Dataset content |
◇ ◇ ◇ ◇

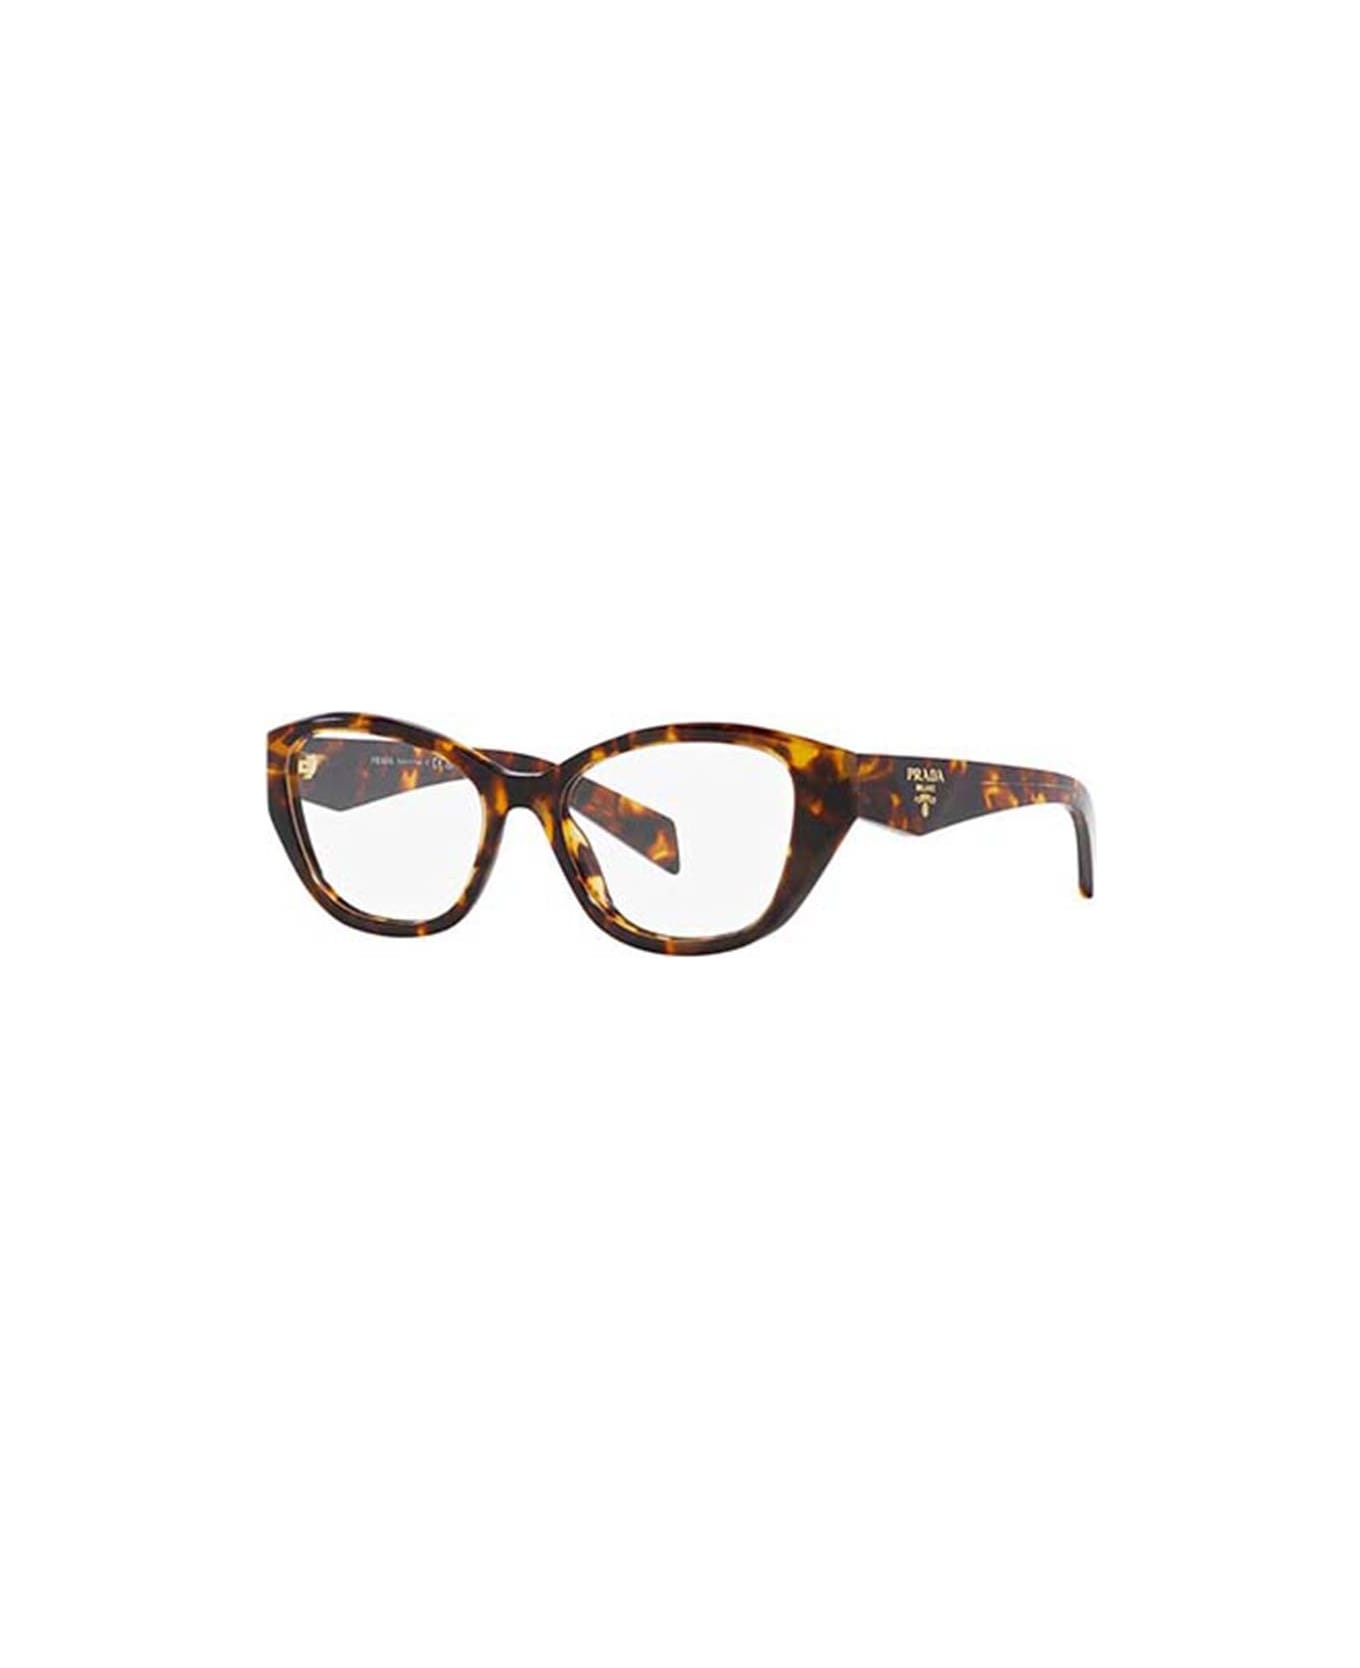 Prada Eyewear Glasses - 14L1O1
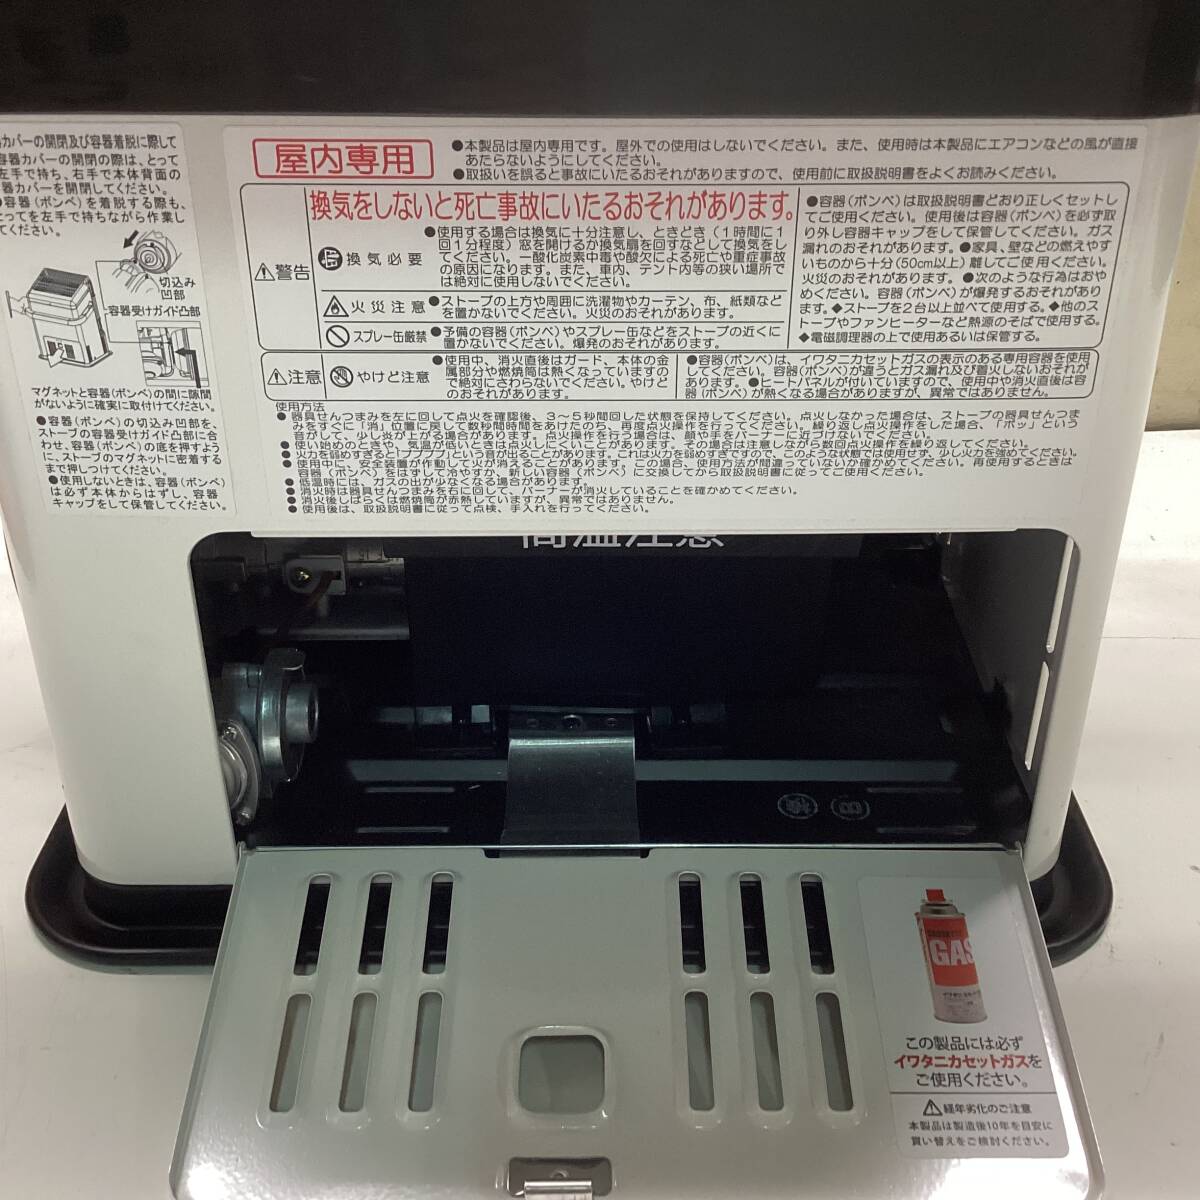 Iwatani Iwatani кассета газовая печка газовая печка нагревательный прибор CB-STV-HPR2 текущее состояние 
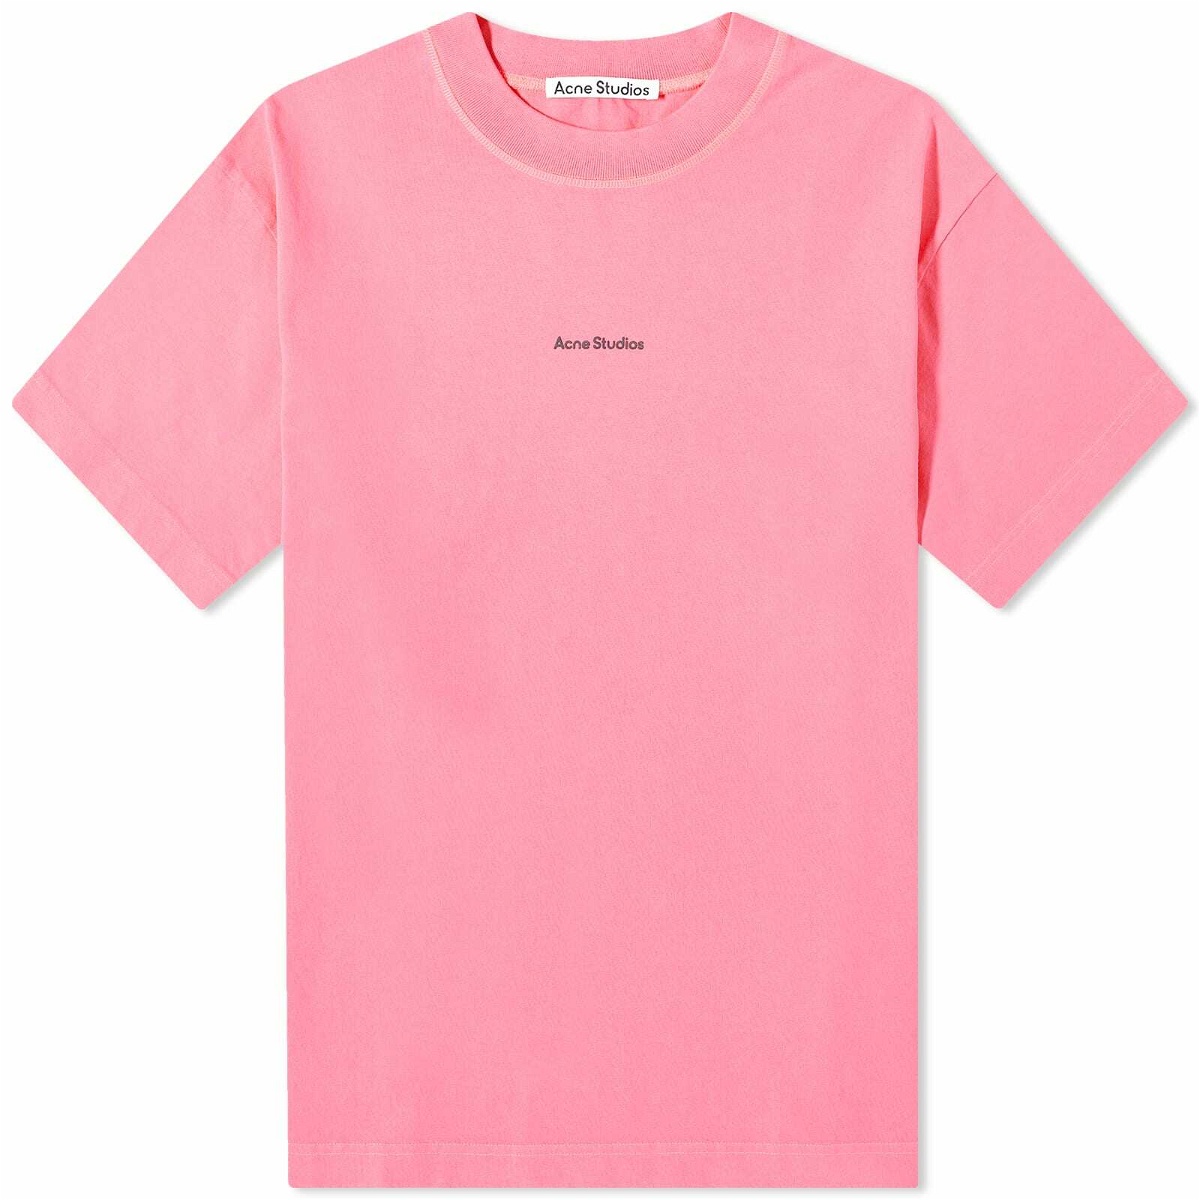 Acne Studios Men's Extorr Stamp T-Shirt in Neon Pink Acne Studios
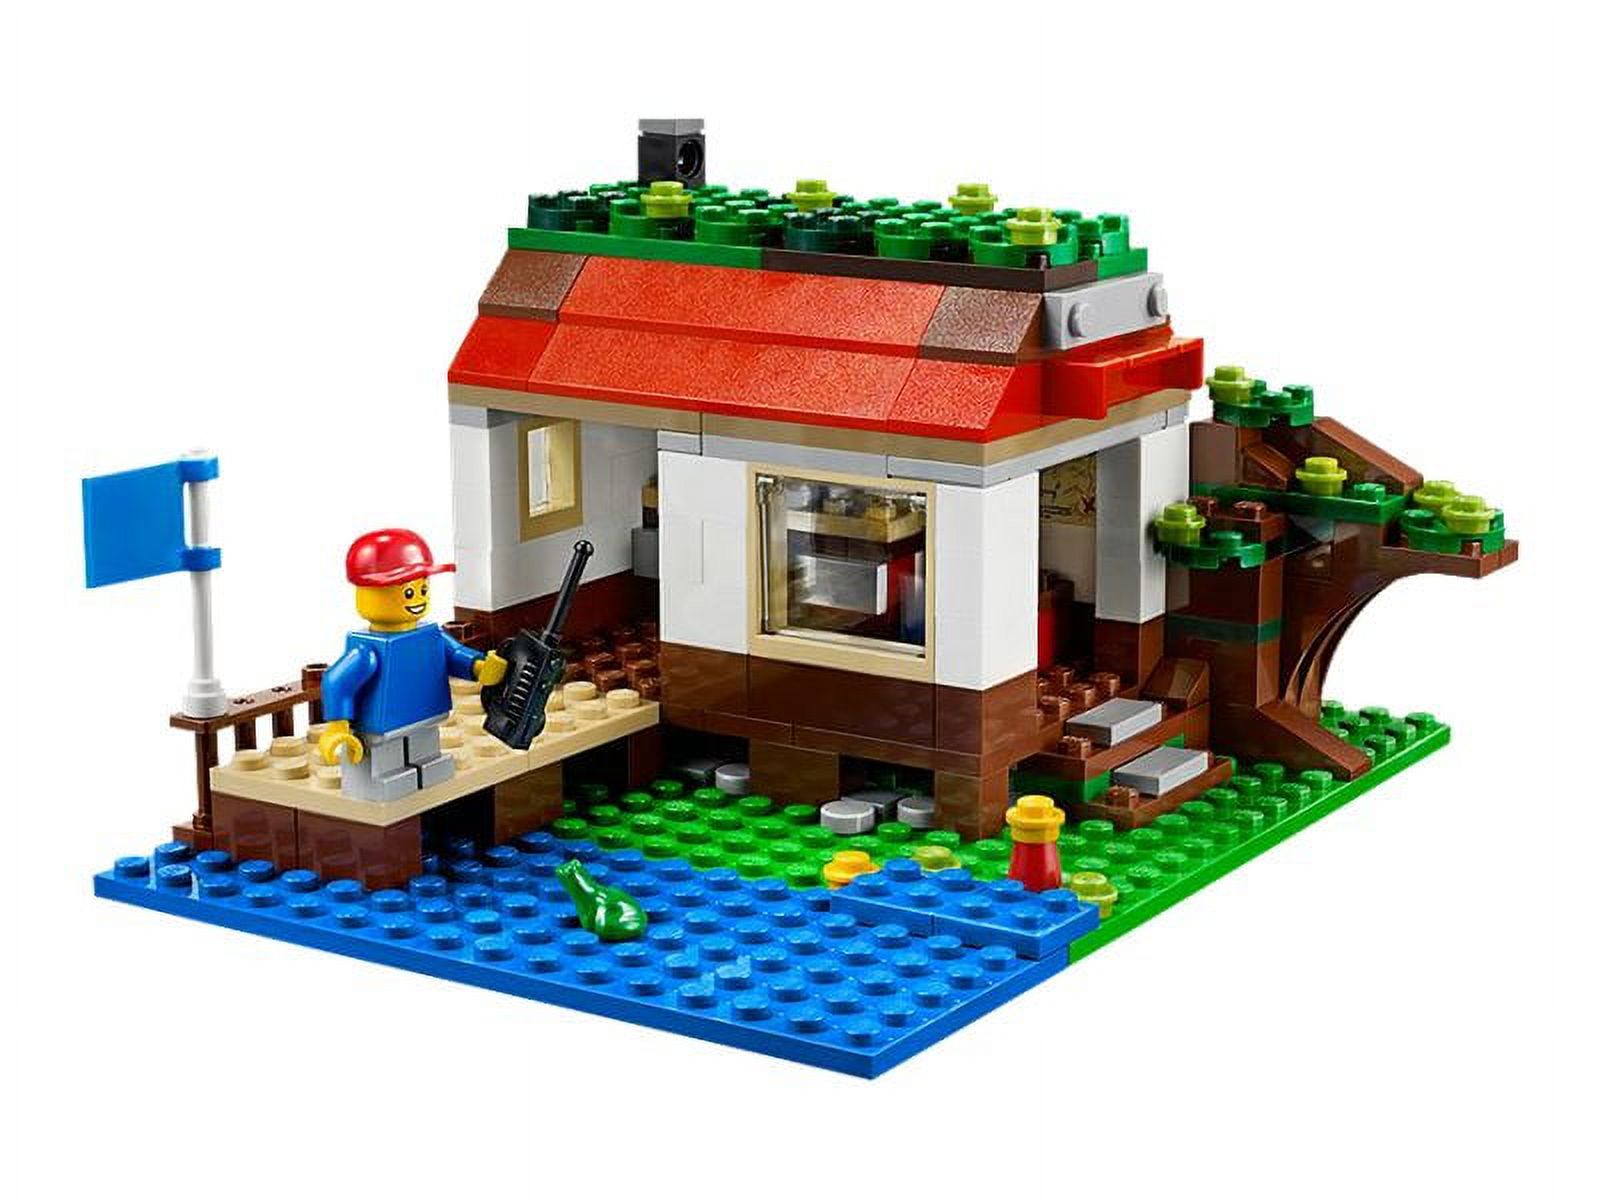 LEGO Creator 31010 - Tree House - image 4 of 4
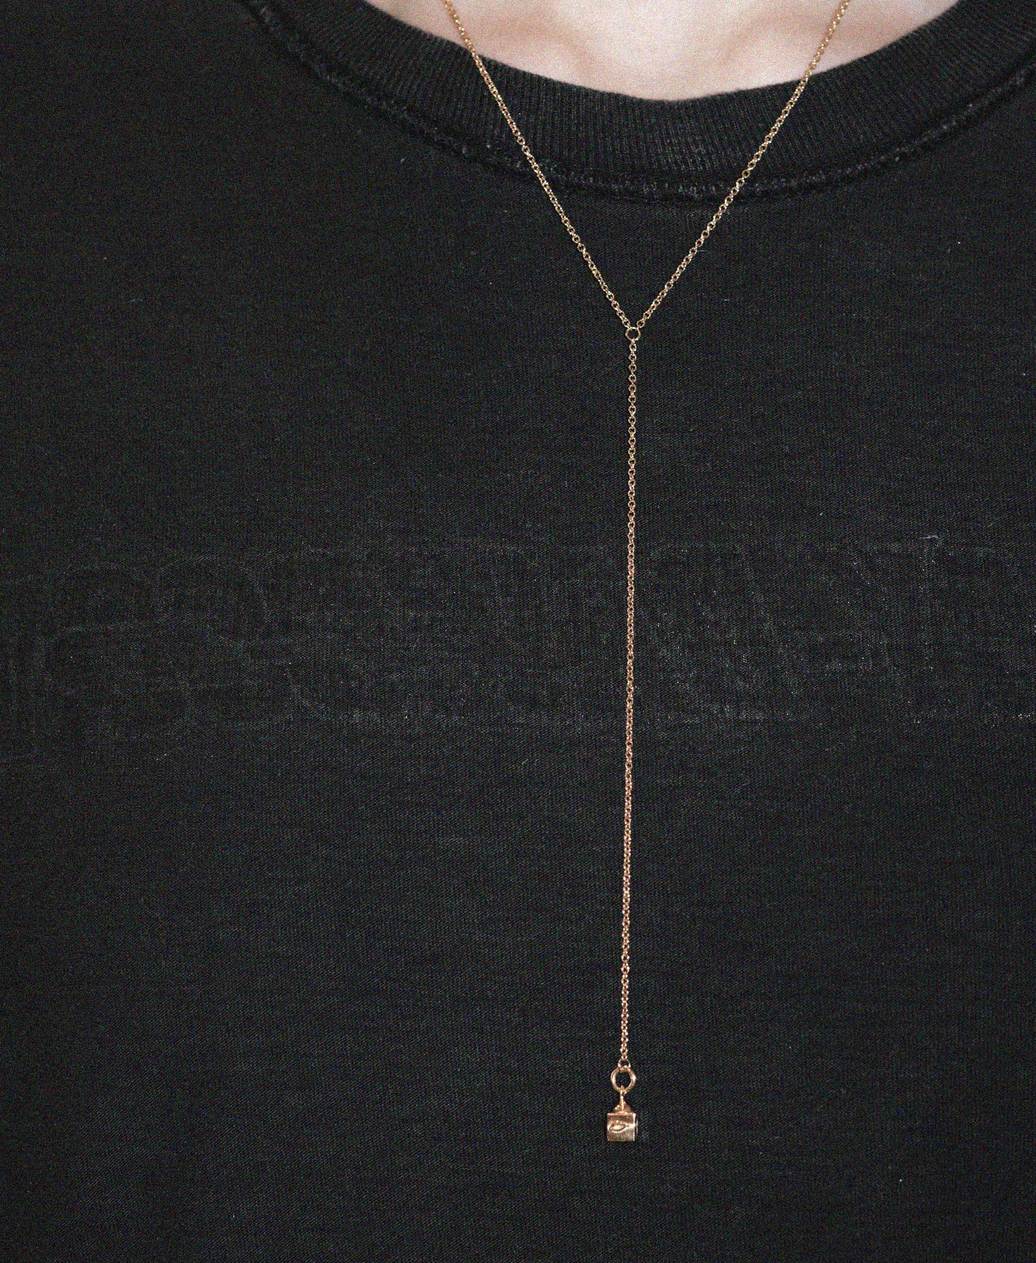 Lumière Lariat Necklace sold by Angel Divine

◇ ◇ ◇ ◇

Assignment | Print the material again word for word. Please drop every picture.

Exercise solution |
 Prada Eyewear Glasses - 14L1O1
 Iwatani Iwatani кассета газовая печка газовая печка нагревательный прибор CB-STV-HPR2 текущее состояние 
 Acne Studios Men's Extorr Stamp T-Shirt in Neon Pink Acne Studios
 LEGO Creator 31010 - Tree House - image 4 of 4
 Lumière Lariat Necklace sold by Angel Divine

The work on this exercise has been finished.